During a PhD project lab, doctoral students from the Institute for European Global Studies, the University of Ghana and the University of Ghent presented their research projects to an interdisciplinary audience of early-career and senior researchers from the Institute. The event took place on 17 November 2023 and was organized by Corey Ross and Ralph Weber, the leaders of the research areas "Global History of Europe" and "European Global Knowledge Production" in context of the Katekisama Program.

Yu-Zhou Wang (Ghent University) assessed how China’s ‘sharp power’ in China and Taiwan derives from pluralistically imagined ‘Chineseness’ and investigated how Taiwan responds to this ‘sharp power’ through recreated forms of ‘Chineseness’.

In her presentation on “The Regulation of Novel Foods in the EU and Switzerland: A Pursuit of Food Safety, Security and Sustainability”, Mpoi Hilpert (University of Basel) showed, firstly, how she seeks to establish the rationale for the regulation and the measures adopted to do so in the EU and Switzerland and, secondly, how, the legal framework for regulating novel foods facilitates the achievement of food safety, security and sustainability.

Nelson Quame (University of Ghana and Katekisama Fellow at the University of Bonn) analyzed “The Politics of Sino-Africa Energy Relations: Complex Interdependence in the Case of Ghana’s Bui Hydroelectric Dam and the Western Corridor Infrastructure Project.” By focusing on these two examples, he retraced how these investments have contributed to Chinese-Ghanaian bilateral resource relations in recent years.

Taniya Channa (University of Basel) presented her PhD Project with a poster entitled “A Systematic Re-Reading of Karl Polanyi’s ‘The Great Transformation?’ (1944) for Today.” Thanushiyah Korn (University of Basel) presented a poster on her PhD project “A Global History of Rwanda’s Path to the 1994 Genocide against Tutsi.”
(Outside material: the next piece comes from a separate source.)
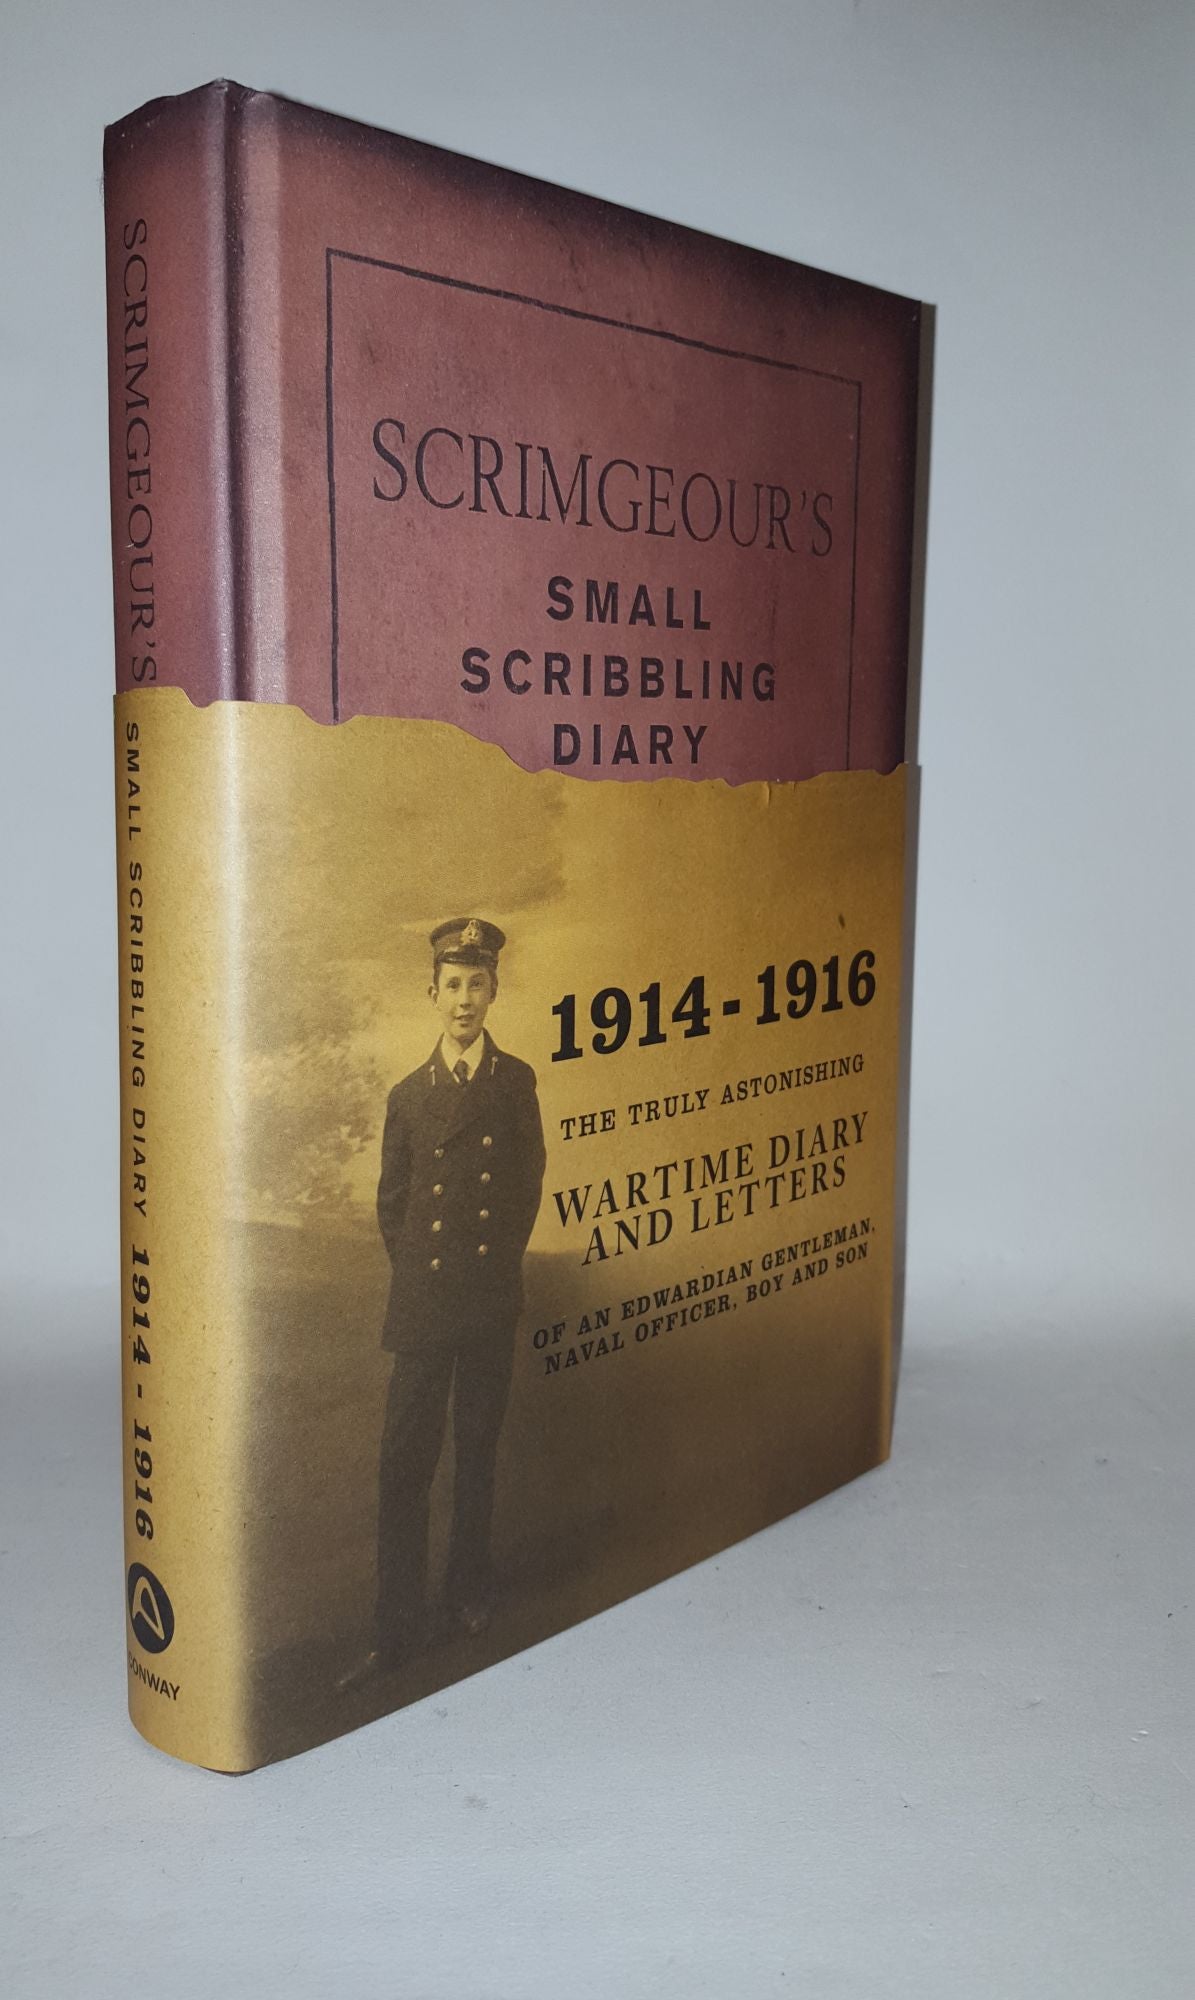 SCRIMGEOUR Alexander - Scrimgeour's Small Scribbling Diary 1914 - 1916 the Truly Astonishing Wartime Diary and Letters of an Edwardian Gentleman Naval Officer, Boy and Son

The PhD Project Lab is a platform of the Graduate Program European Global Studies which enables exchange between early-career and senior researchers and enhances the interdisciplinary dialogue at the Institute. It specifically aims to transcend disciplinary boundaries and is designed to provide a stimulating environment for interdisciplinary research by adopting innovative forms of teaching.
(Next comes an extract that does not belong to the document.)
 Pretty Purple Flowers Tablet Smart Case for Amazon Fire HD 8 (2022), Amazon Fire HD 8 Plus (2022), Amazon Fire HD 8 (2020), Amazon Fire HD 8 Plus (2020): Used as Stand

It brings together doctoral and postdoctoral researchers as well as professors of the research areas Global History of Europe, European Global Knowledge Production and European Law at the Institute for European Global Studies, as well as PhD students from the University of Bonn and the University of Ghana who are attending the PhD Lab in the context of the Katekisama program.